▸ **AIM OF THE EXERCISE**: Give back the data below word for word. Any image in it should be left out.

▸ **DATA**:

--- START ---

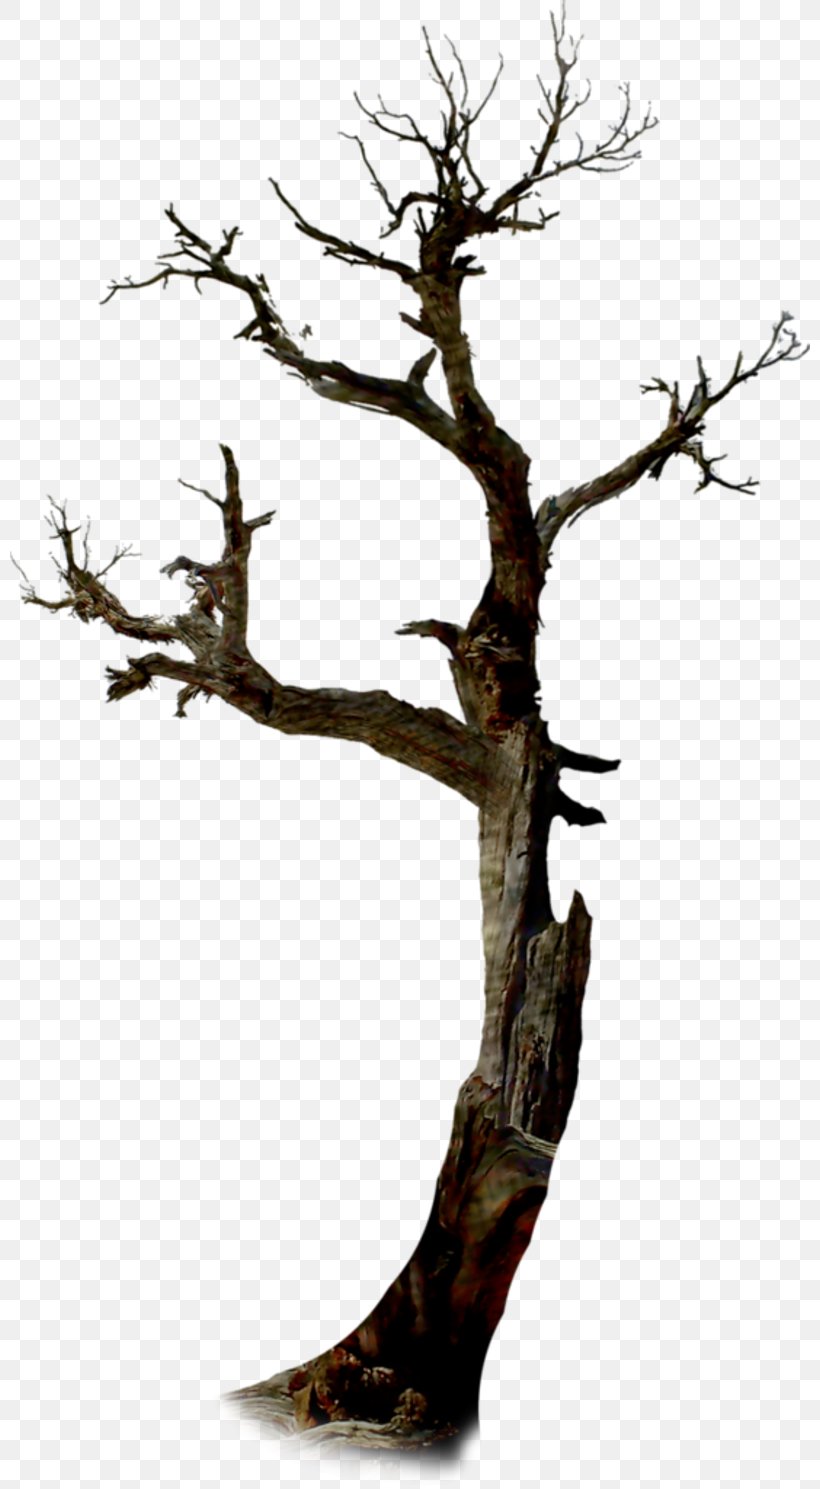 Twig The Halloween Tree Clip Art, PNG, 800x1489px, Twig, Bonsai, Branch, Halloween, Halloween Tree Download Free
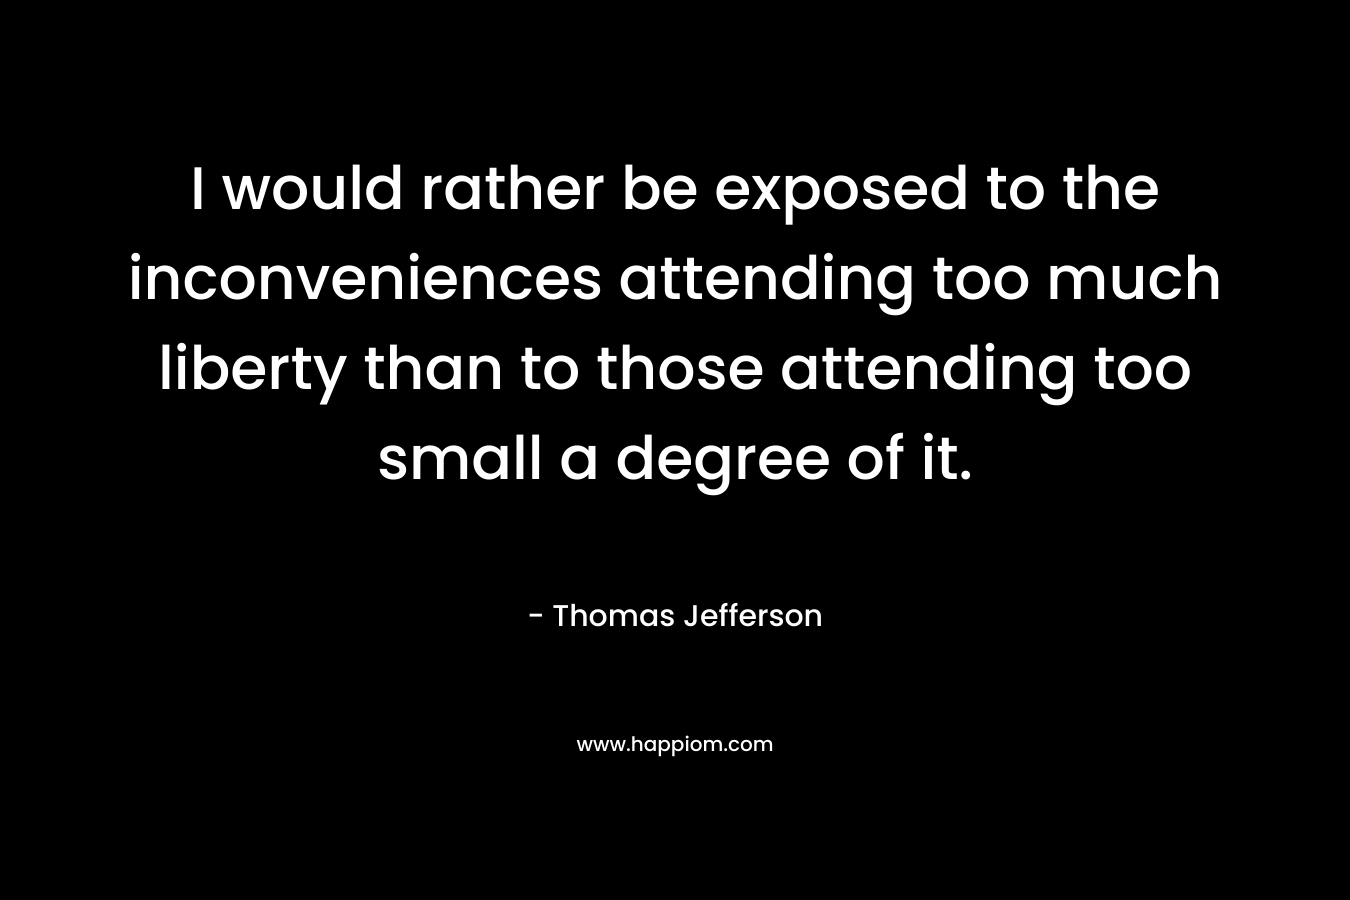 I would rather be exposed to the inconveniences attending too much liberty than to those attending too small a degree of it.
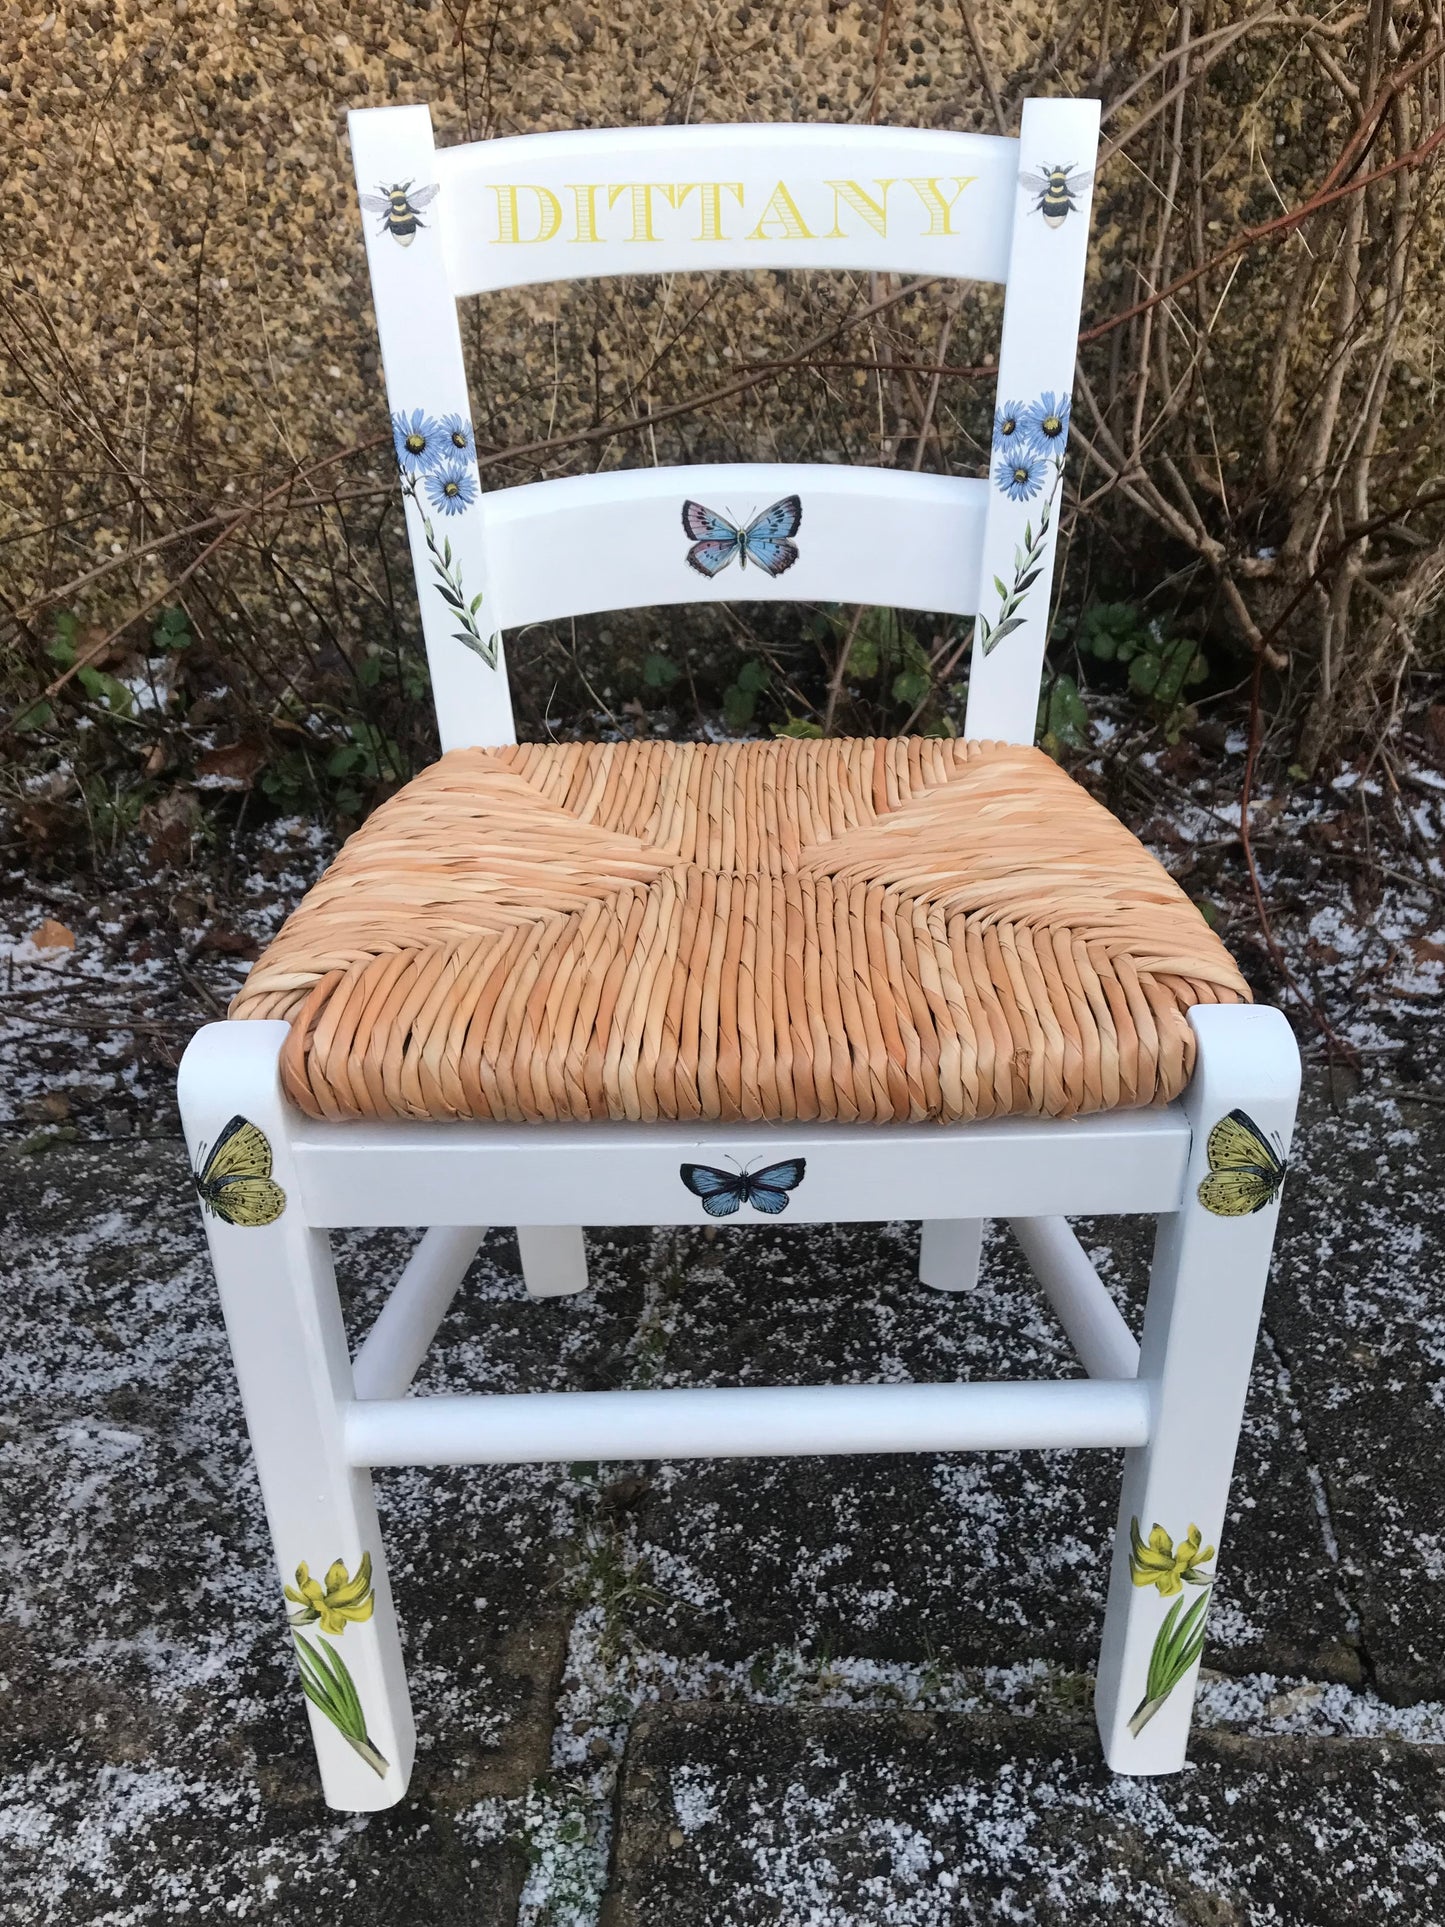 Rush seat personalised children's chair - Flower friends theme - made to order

--- END ---

▸ **WRITTEN SOLUTION**:
 Twig The Halloween Tree Clip Art, PNG, 800x1489px, Twig, Bonsai, Branch, Halloween, Halloween Tree Download Free
 I would rather be exposed to the inconveniences attending too much liberty than to those attending too small a degree of it.
 Rush seat personalised children's chair - Flower friends theme - made to order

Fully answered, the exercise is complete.